Abstract
BACKGROUND. In 2011, we discovered the TEMPI syndrome. TEMPI is a rare monoclonal gammopathy of clinical significance (MGCS) with patients displaying five hallmark features of disease: (1) Telangiectasias (primarily involving the upper torso and face), (2) elevated serum Erythropoietin (EPO) levels and erythrocytosis, (3) Monoclonal gammopathy, (4) Perinephric fluid collections, and (5) microscopic Intrapulmonary shunting.
To date, we have identified 52 patients world-wide. TEMPI is an acquired syndrome, and there does not appear to be any geographic, racial, or gender predisposition.
The dramatically elevated serum EPO is striking, with EPO levels often exceeding 500-times the upper limit of normal. These EPO levels are much higher than those seen in EPO-secreting tumors, suggesting a severe dysregulation of the body's hypoxia sensing pathway and of EPO production. High EPO leads to uncontrolled red blood cell production such that patients present with marked erythrocytosis. Patients are commonly misdiagnosed with polycythemia vera and often start programs of therapeutic phlebotomy.
The use of plasma cell directed therapies in several patients (e.g., bortezomib, lenalidomide, daratumumab, teclistamab, autologous transplant) have been used to eradicate the TEMPI MGUS. Remarkably, elimination of the MGUS leads to complete resolution of the other TEMPI syndrome symptoms. This clinical finding has confirmed the monoclonal antibody as the pathologic driver of the disease.
HYPOTHESIS. The TEMPI syndrome is an acquired and reversible disease, driven by the auto-reactive monoclonal gammopathy (MGCS).
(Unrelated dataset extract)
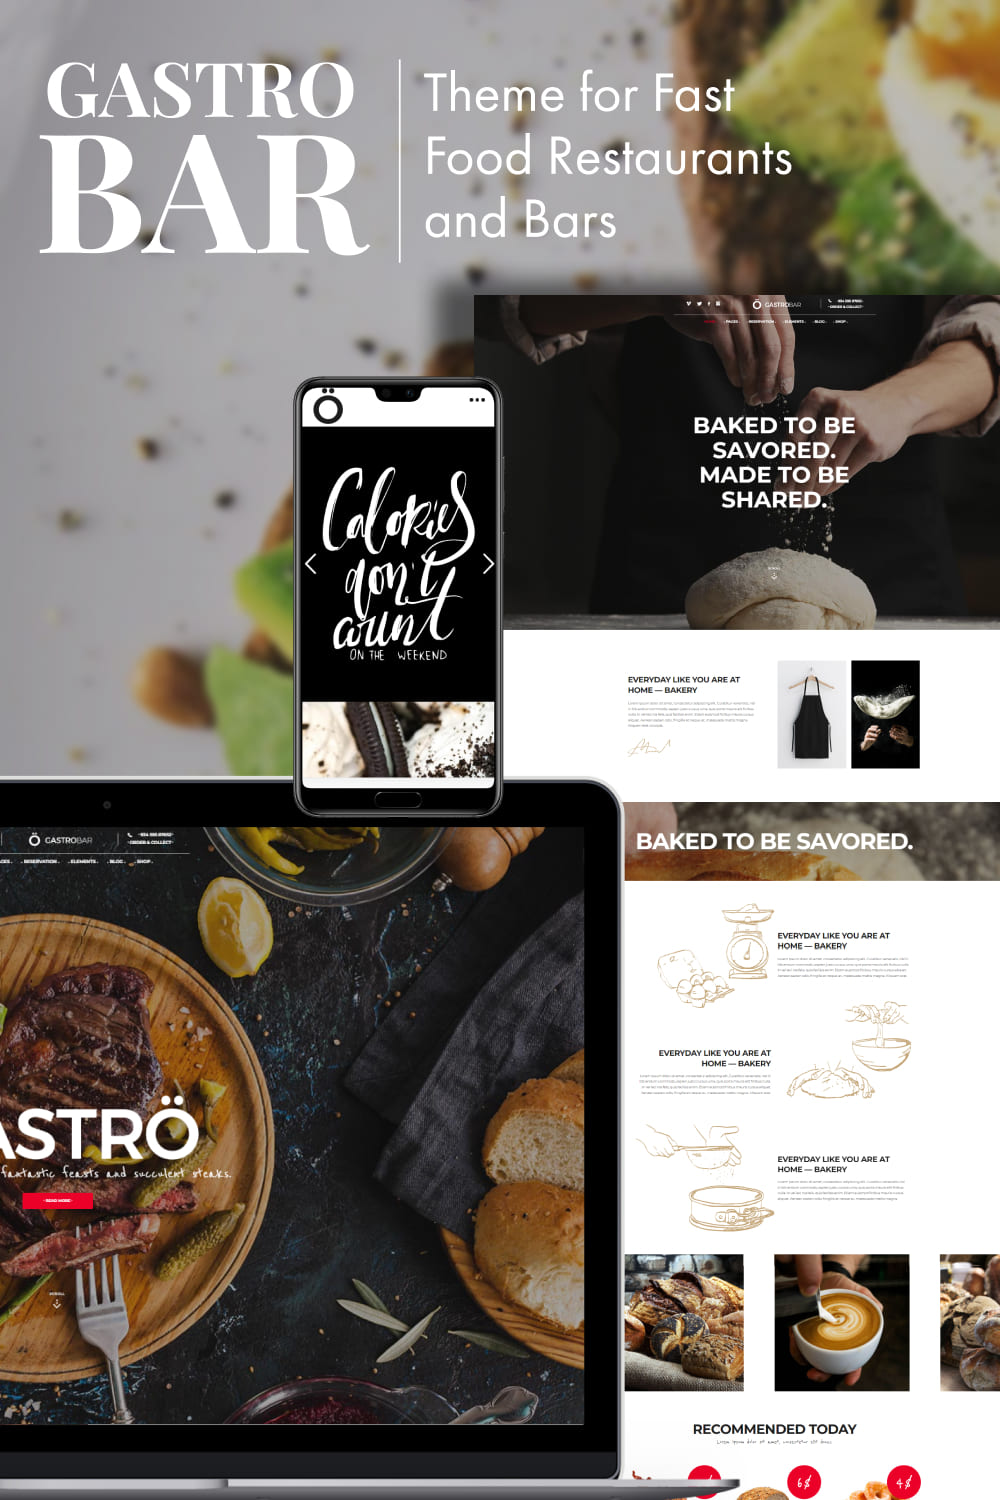 Preview GastroBar - Theme for Fast Food Restaurants and Bars on the mobile.

It stands to reason that the TEMPI syndrome may have a remote pathogenic trigger (e.g., a virus, bacteria, fungi), and that the resulting immune response has some degree of molecular mimicry between the antibody epitope on the pathogen and a partially cross-reactive human membrane protein. We suspect that the antibody has a low affinity to the human target given the very high serum concentration of monoclonal antibody required to drive the other features of the TEMPI syndrome such as EPO production.
EXPERIMENTS. To date, bone marrow aspirates have been successfully collected from 11 patients with the TEMPI syndrome. Plasma cells were isolated, RNA was purified and long read RNA sequencing was performed to identify the exact heavy and light chain sequence of the monoclonal antibody (mAb). These sequences were cloned into expression vectors, permitting the in vitro production of unique, pure, recombinant, TEMPI patient mAbs. These TEMPI mAbs were assayed in vivo and also used to probe pathogen arrays and a membrane proteome arrays.
RESULTS. (1) TEMPI mAbs were injected into wild-type mice to mimic the same serum monoclonal antibody concentration as seen in patients. The TEMPI mAbs increased the serum EPO concentration as well as increasing the hemoglobin and hematocrit. (2) TEMPI mAbs were used to screen a focused pathogen array. This implicated a potential previous exposure to toxoplasmosis as a trigger in two TEMPI syndrome patients. (3) Two TEMPI mAbs were used for flow cytometric screening of a membrane proteome array of ~6000 human membrane proteins. This has generated a candidate list of potential TEMPI syndrome membrane protein auto-antigens.
Ongoing experiments are underway to confirm the antibody target of the TEMPI syndrome monoclonal antibodies. Ultimately, we hope to understand how an extracellular monoclonal antibody can mimic hypoxia and lead to the dysregulated production of EPO.
DISCUSSION. Having followed rare patients with TEMPI syndrome for more than a decade, we are poised to identify the host antigen target of the TEMPI patient monoclonal antibodies. If successful, this will reveal a novel antibody-antigen interaction capable of driving hypoxia independent erythropoietin production.
The TEMPI syndrome is a model of MGCS, where identification of the antibody target may shed light on disease pathogenesis. Our work demonstrates a straightforward pipeline from bone marrow biopsy to recombinant antibody production where patient-specific mAbs can be readily generated for in vitro diagnostic and research approaches.
The TEMPI syndrome has also been a model of international hematology collaboration. In a disease with ~50 patients world-wide, sample collection and research has depended on the generosity and thoughtfulness of colleagues and patients across the globe.